Encore une fois, la vague nous ramène au néant
( Combien de fois déjà fîmes nous le voyage ?) ;
Parfois, parmi les masques, nous croisions un visage,
Un vrai visage d'être humain, un feu vivant …
Ce fut cela qui nous préserva du naufrage
Nous repoussons au loin cet instant redouté
Où les petites flammes aperçues au hasard
Ne suffiront plus à vaincre la densité
De l'opaque ténèbre qui cloue nos avatars
A cette arche glacée où dorment les idées
Combien de temps encore face aux armées du doute ?
Combien de temps encore crucifiés du soleil ?
Combien de temps encore à dormir dans les soutes,
Passagers clandestins, contrebandiers d'éveil ?
Combien de temps avant que le cœur ne se voûte ?
Nos armes sont si faibles face à la dérision
De ce monde dans lequel devenir être humain
Apparait secondaire, où les compromissions
Font suppurer les plaies de nos rêves incertains ?
Résister est la voie, vivre notre démission
Oh ! La mer n'est pas plus salée ni plus amère
Mais nos blessures sont multiples et douloureuses .

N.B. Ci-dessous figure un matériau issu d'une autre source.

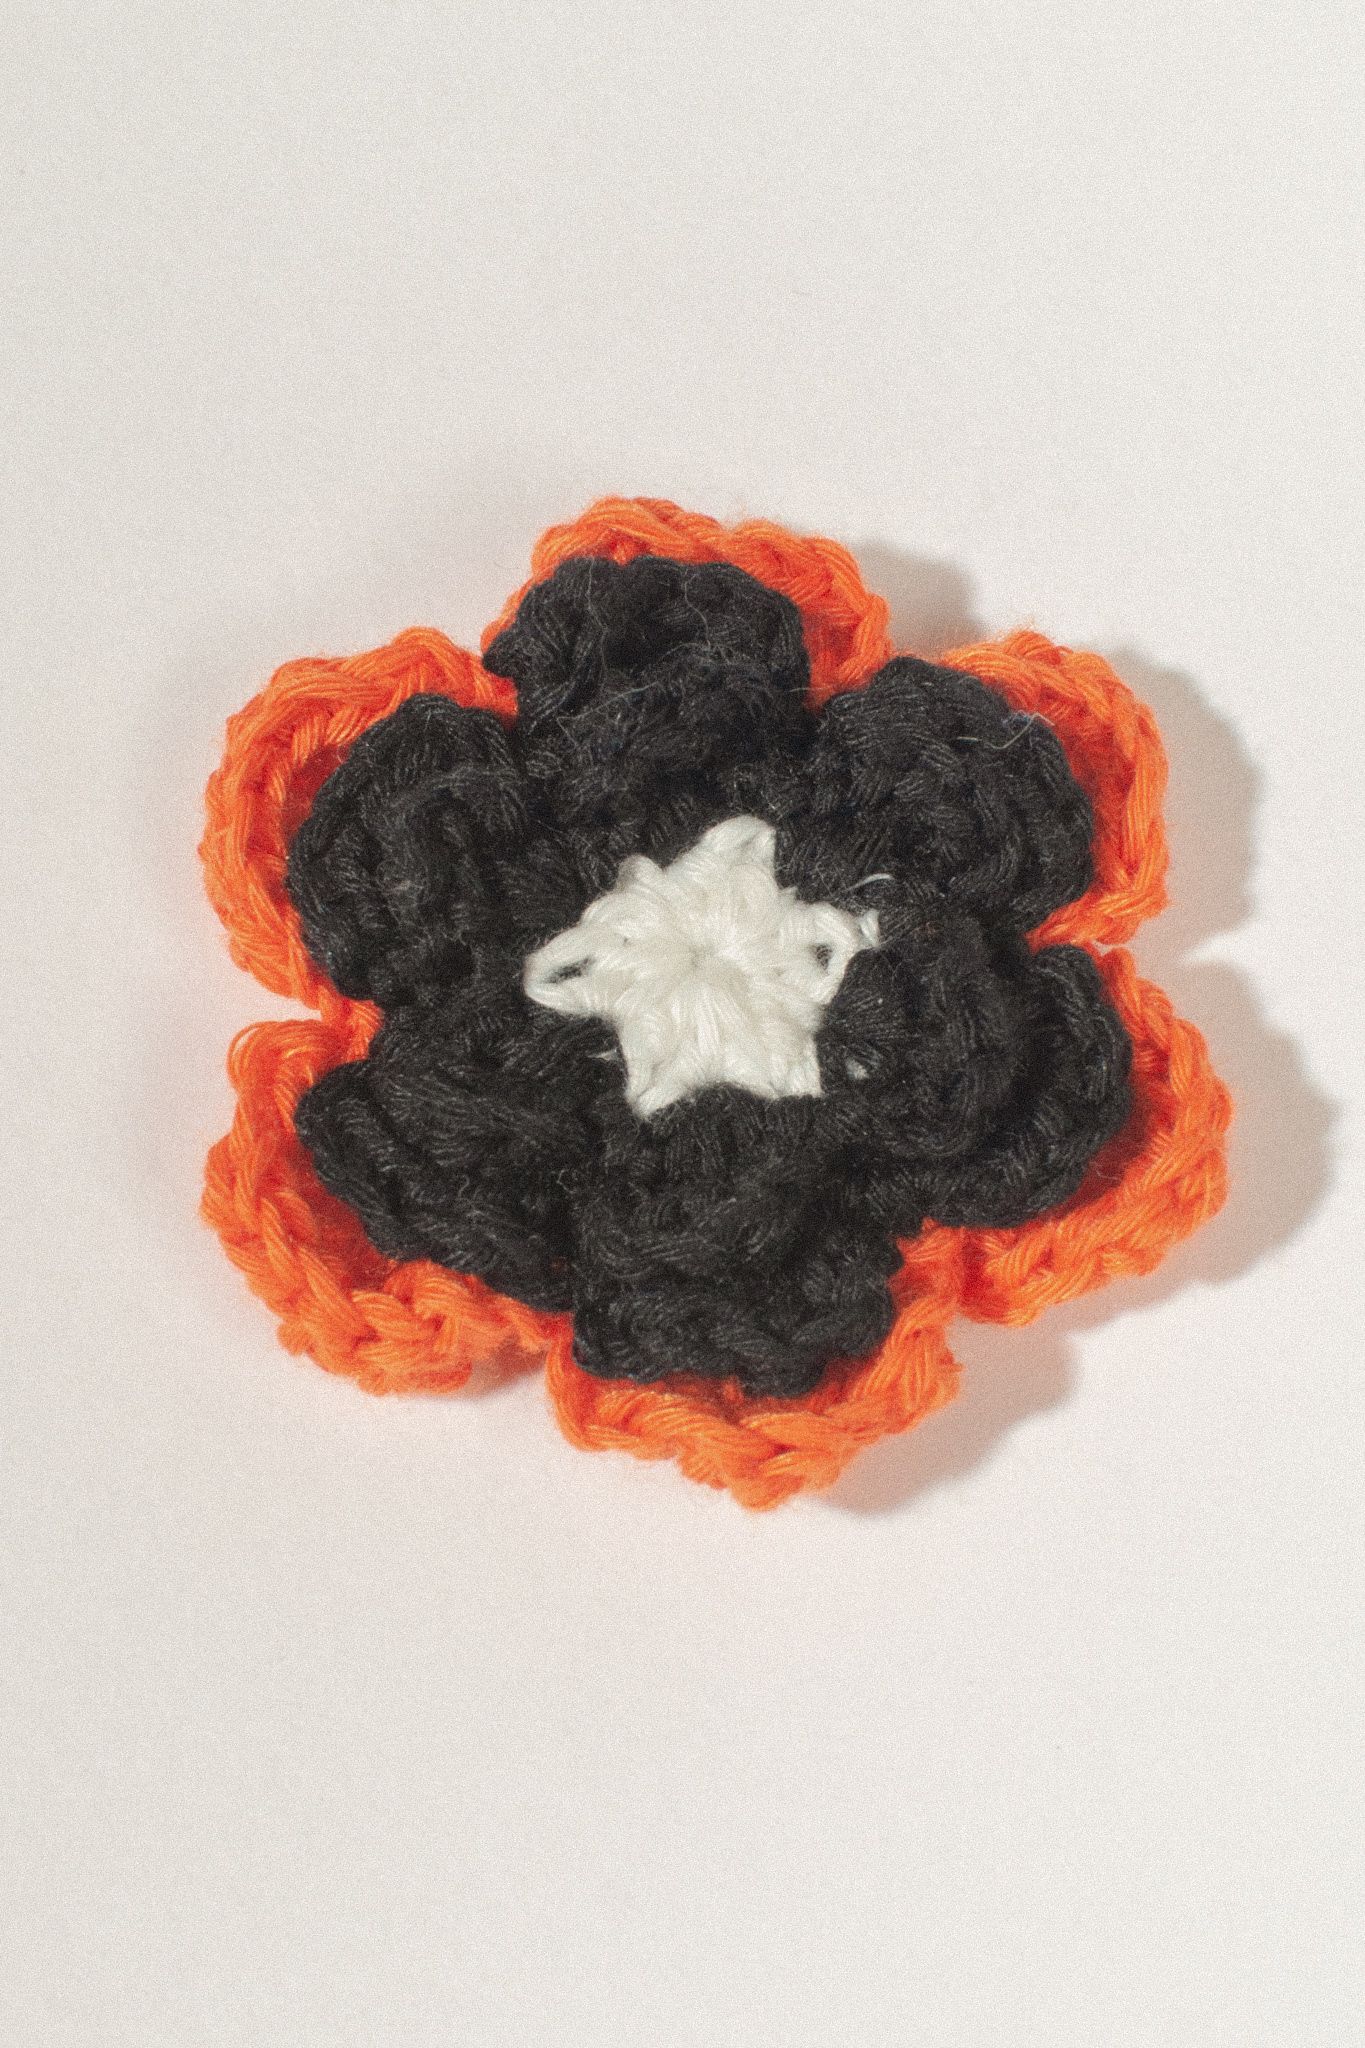  Multicolor Flower Handmade Crochet

Les aiguillons du sel malmènent nos chimères,
Le réveil est plus âpre dans l'immensité creuse ,
Repartir est plus dur ; la mort nous marque au fer
Par PASCAL PERROT insurrectionpoetique, Lundi 12 Novembre 2007 à 13:39 GMT+2 dans CA VA MIEUX, MERCI … (article, RSS)
Vos commentaires
Le Dimanche 18 Novembre 2007 à 11:29 GMT+2, par lam
ça faisait longtemps que je n'étais pas venu , que de beaux textes , tu es dans une belle veine ! cette pensée et cette écriture me plaisent ! L
Le Lundi 19 Novembre 2007 à 13:33 GMT+2, par lam
extrait de mon blog "... fut elle gratuite, rien n'est plus dangereux qu'une insidieuse voix de poète, qui parle d'amour et de lune, de jasmin et de rosée dans le quartier des esclaves, et dont les inflexions nostalgiques ont le tremblement même des mains tendues par le désir. Désir d'aimer, désir d'étreindre, désir d'être libre et de s'ébattre, de manger à sa faim et de jouir de la vie, il n'est qu'un seul désir.... et l'essence même du désir est une menace pour la chiourme en soutane ou en uniforme ; et quiconque l'exalte ne peut être qu'un ennemi de l'ordre. Plus dangereuse encore est cette voix si elle n'emprunte ses accents qu'à ceux la même qu'elle veut bercer et nourrir et dont elle se veut la conscience. Le génie de Federico Garcia Lorca qui, dans ses manières, avait de l'ange pourtant, n'a jamais cessé d'employer le vocabulaire des hommes, des bêtes et des plantes."
( Jean Rousselot, Federico Garcia Lorca ou le rossignol assassiné, 1956)
Le Mardi 20 Novembre 2007 à 15:54 GMT+2, par Pascal Perrot
Ces textes sont issus de diverses veines, le plus dur étant de les assembler pour former un tout cohérent dans sa multiplicité. Heureux que tu les apprécies, Lam, rien n'étant plus vivifiant que les admirations mutuelles, ton blog recélant de véritables pépites.